* **EXERCISE AIM**
All lines in the records below from the line with "who’s the hottest out of these bleach girls?" through the line with "Tips for Renting" are to be given again exactly, both ends included; the pictures are to be left out.
##### PROVIDED DATA
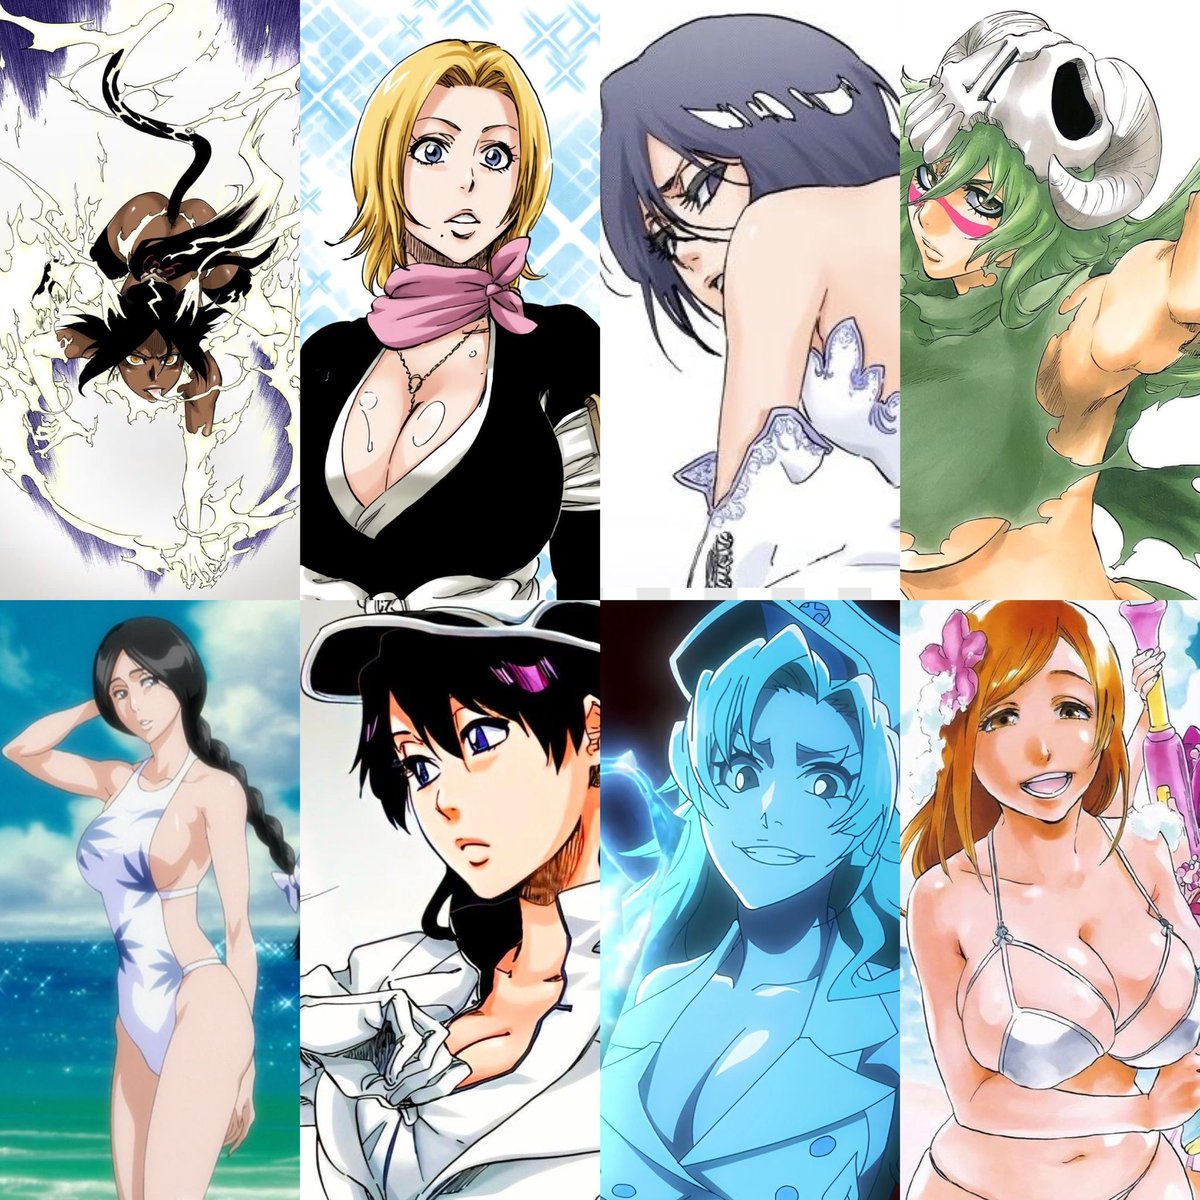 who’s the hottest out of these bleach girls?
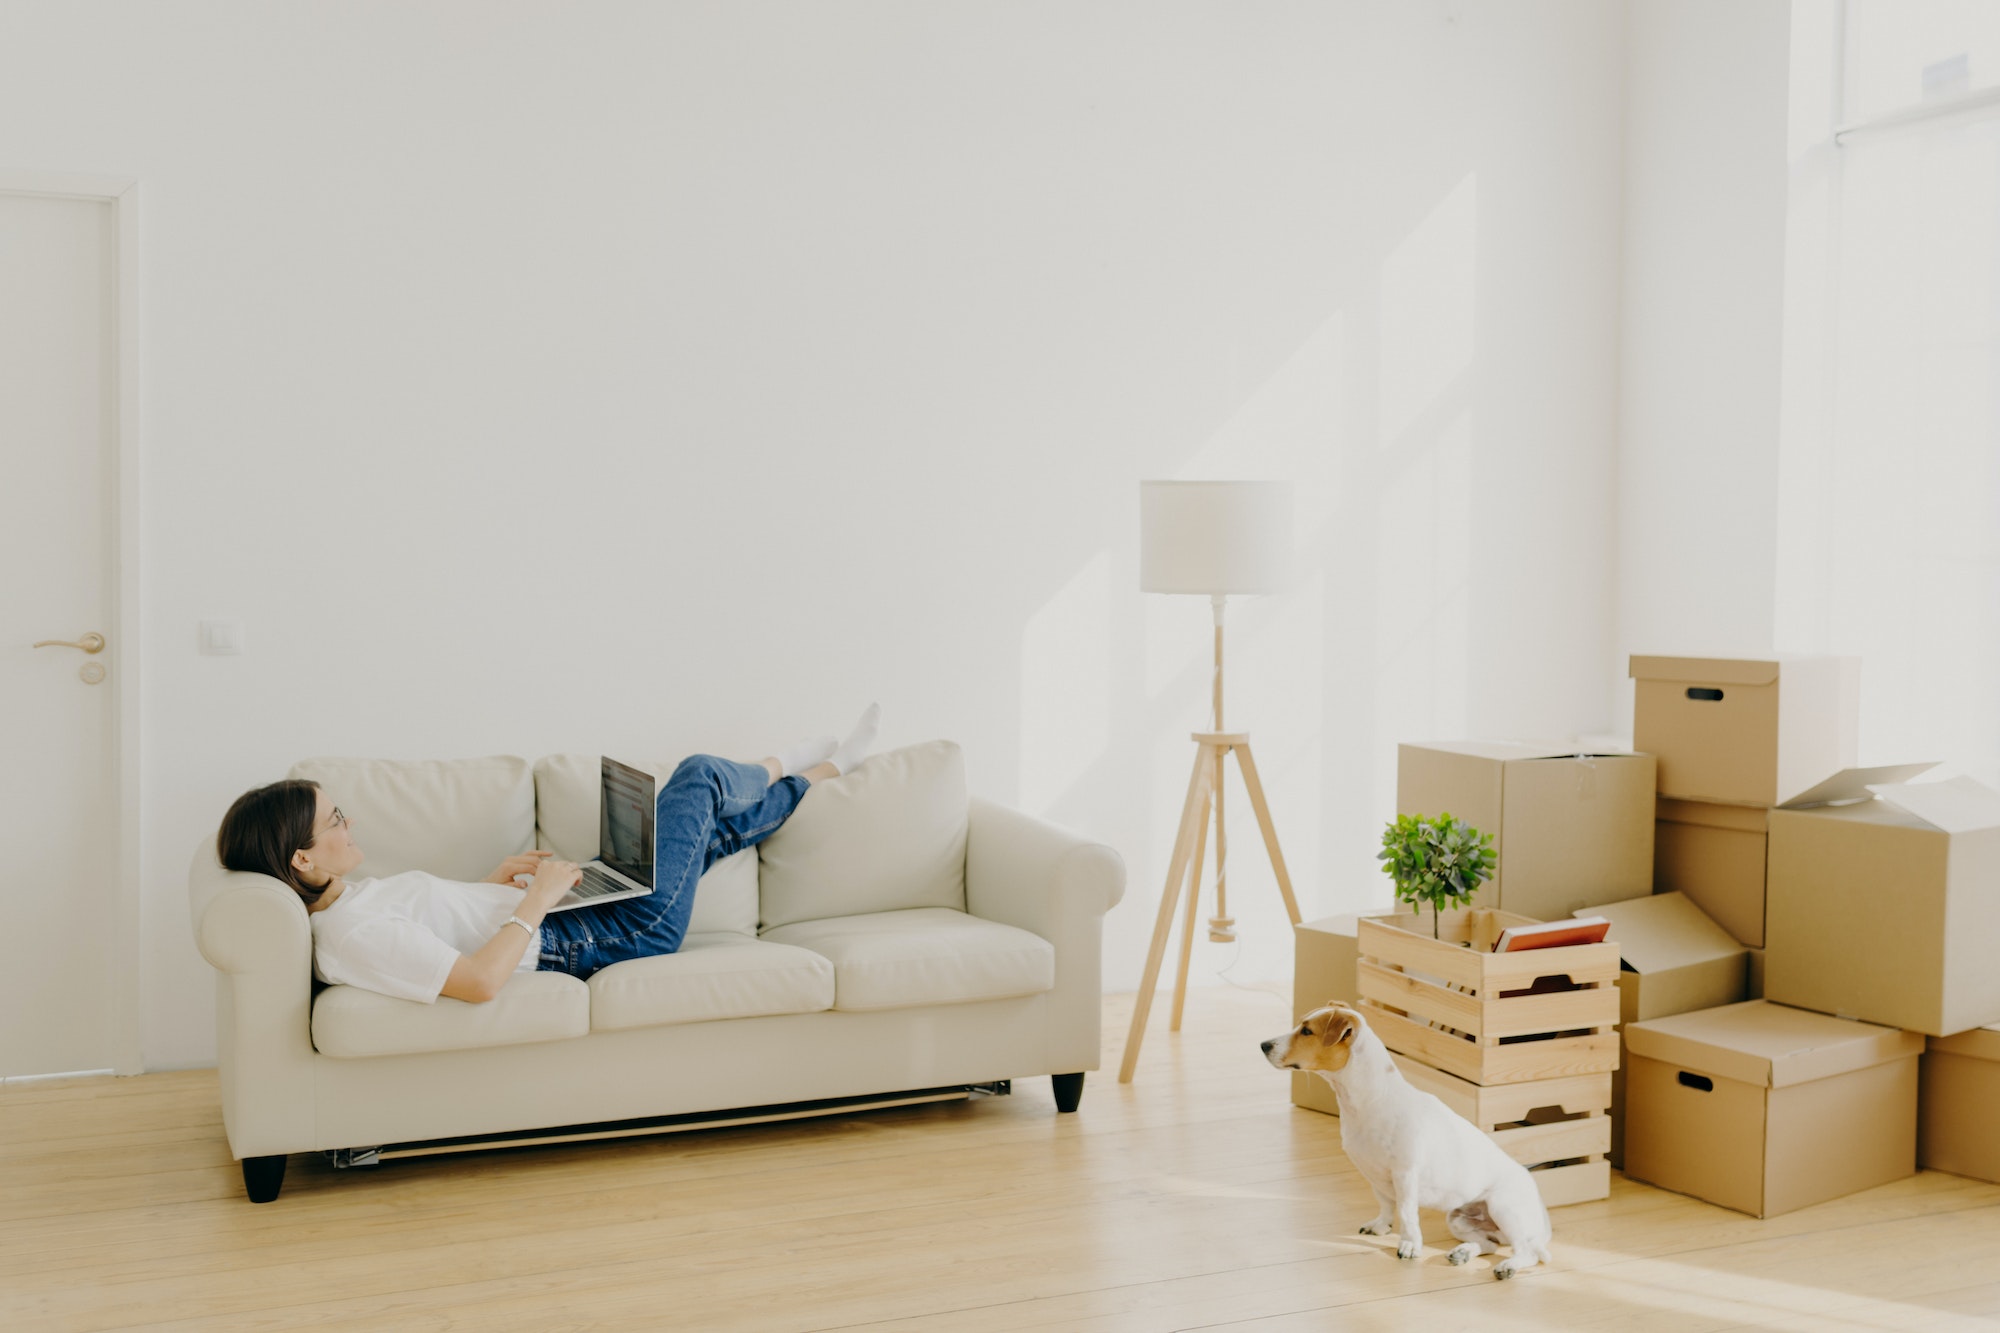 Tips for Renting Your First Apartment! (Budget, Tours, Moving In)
##########
##### PROVIDED DATA
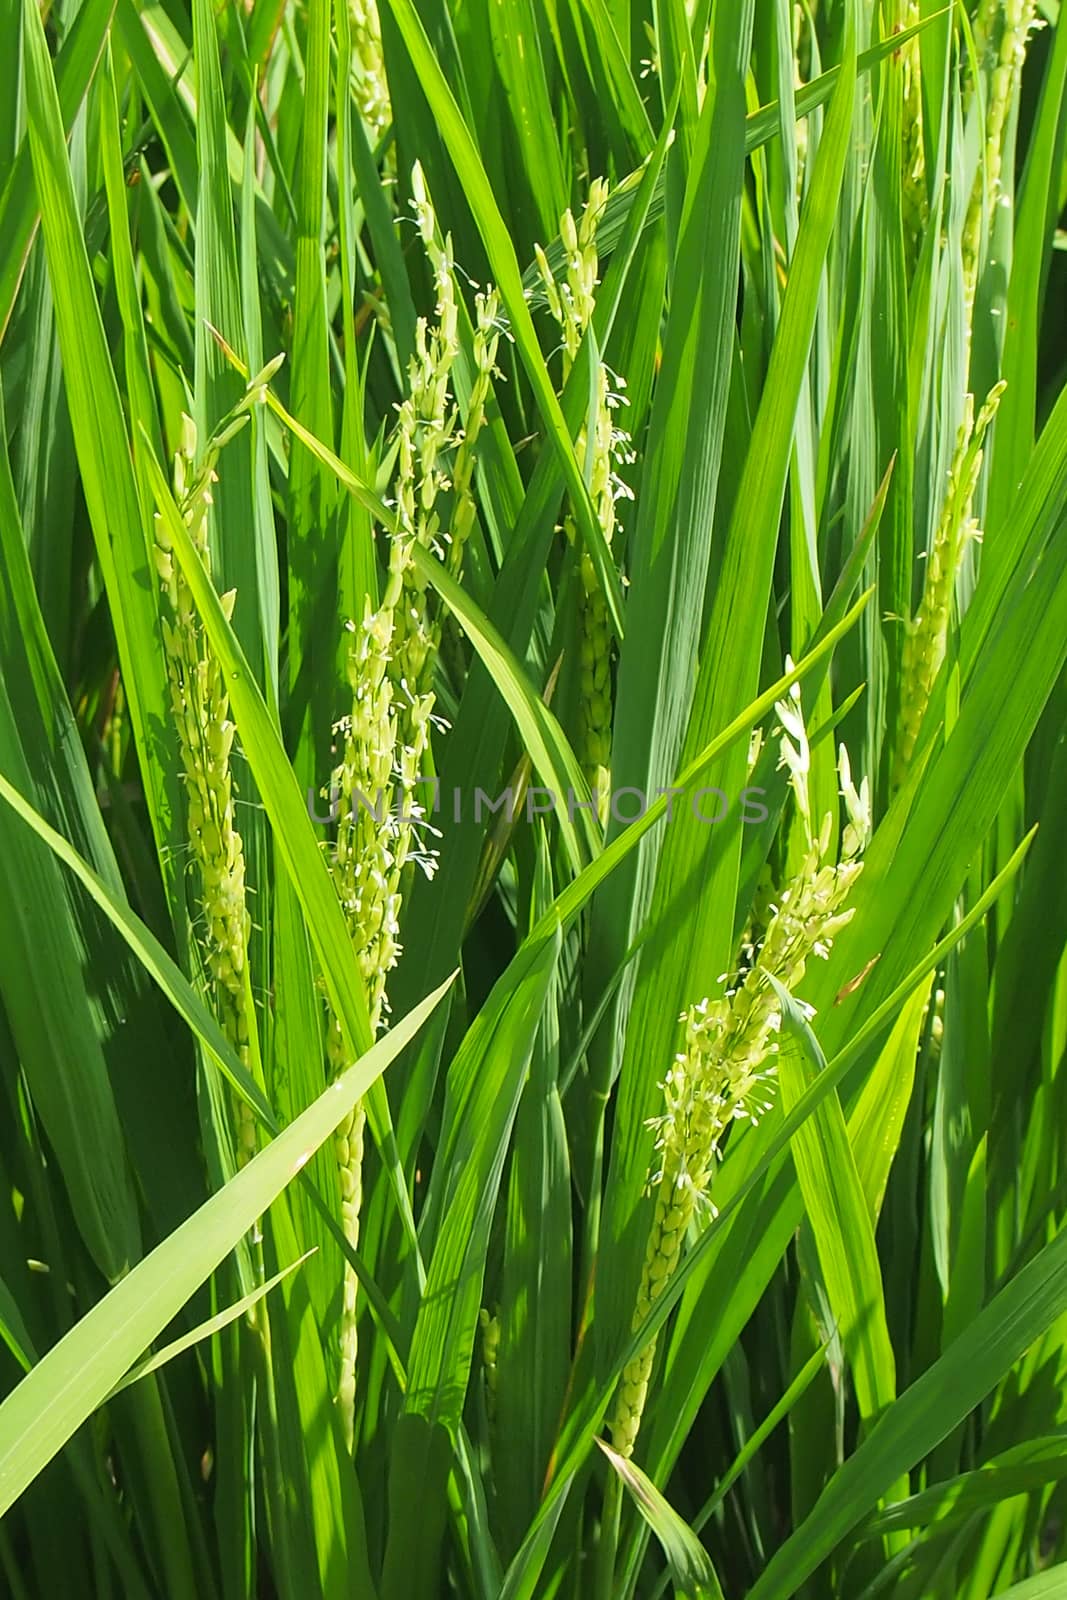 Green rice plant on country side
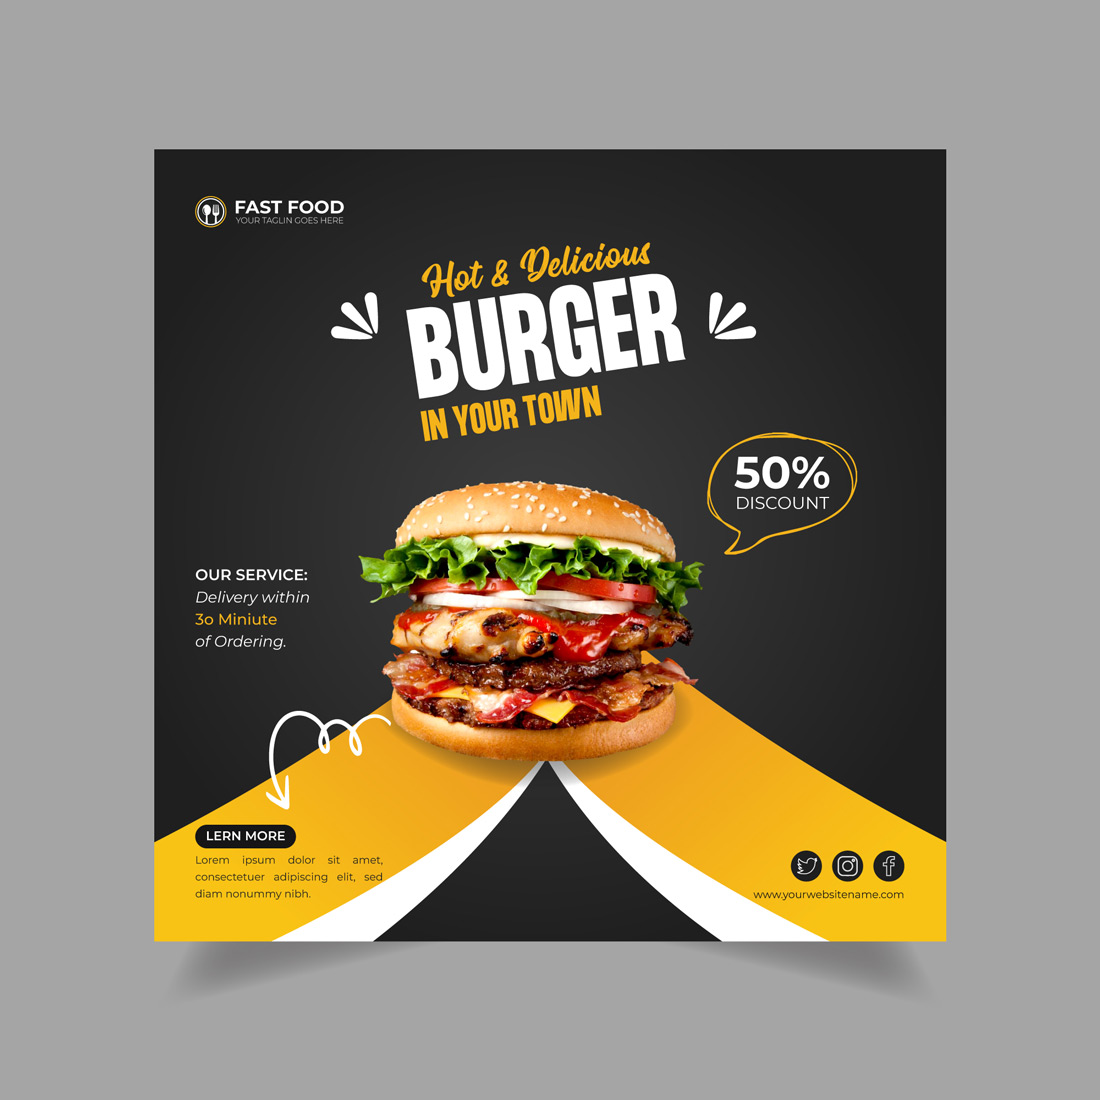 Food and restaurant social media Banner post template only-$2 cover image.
##########
##### PROVIDED DATA
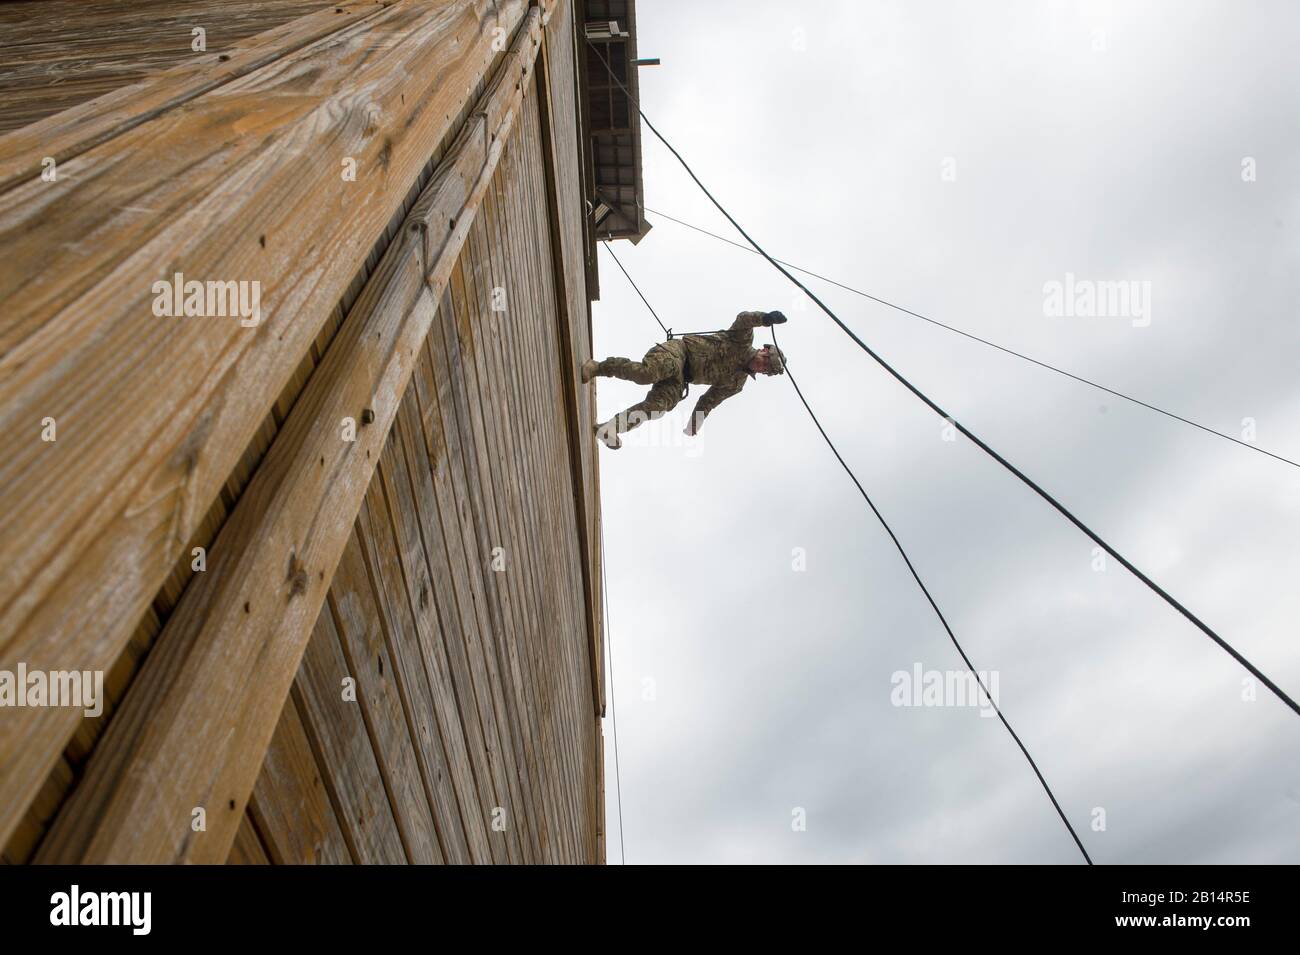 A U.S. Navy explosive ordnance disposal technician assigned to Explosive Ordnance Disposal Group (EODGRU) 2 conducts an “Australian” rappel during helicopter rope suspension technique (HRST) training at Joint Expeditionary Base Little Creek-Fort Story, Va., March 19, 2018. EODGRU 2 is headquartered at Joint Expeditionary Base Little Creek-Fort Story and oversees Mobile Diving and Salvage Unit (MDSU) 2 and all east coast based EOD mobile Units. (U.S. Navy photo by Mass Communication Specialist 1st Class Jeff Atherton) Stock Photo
##########
* **PROBLEM SOLUTION**
 who’s the hottest out of these bleach girls?
 Tips for Renting Your First Apartment! (Budget, Tours, Moving In)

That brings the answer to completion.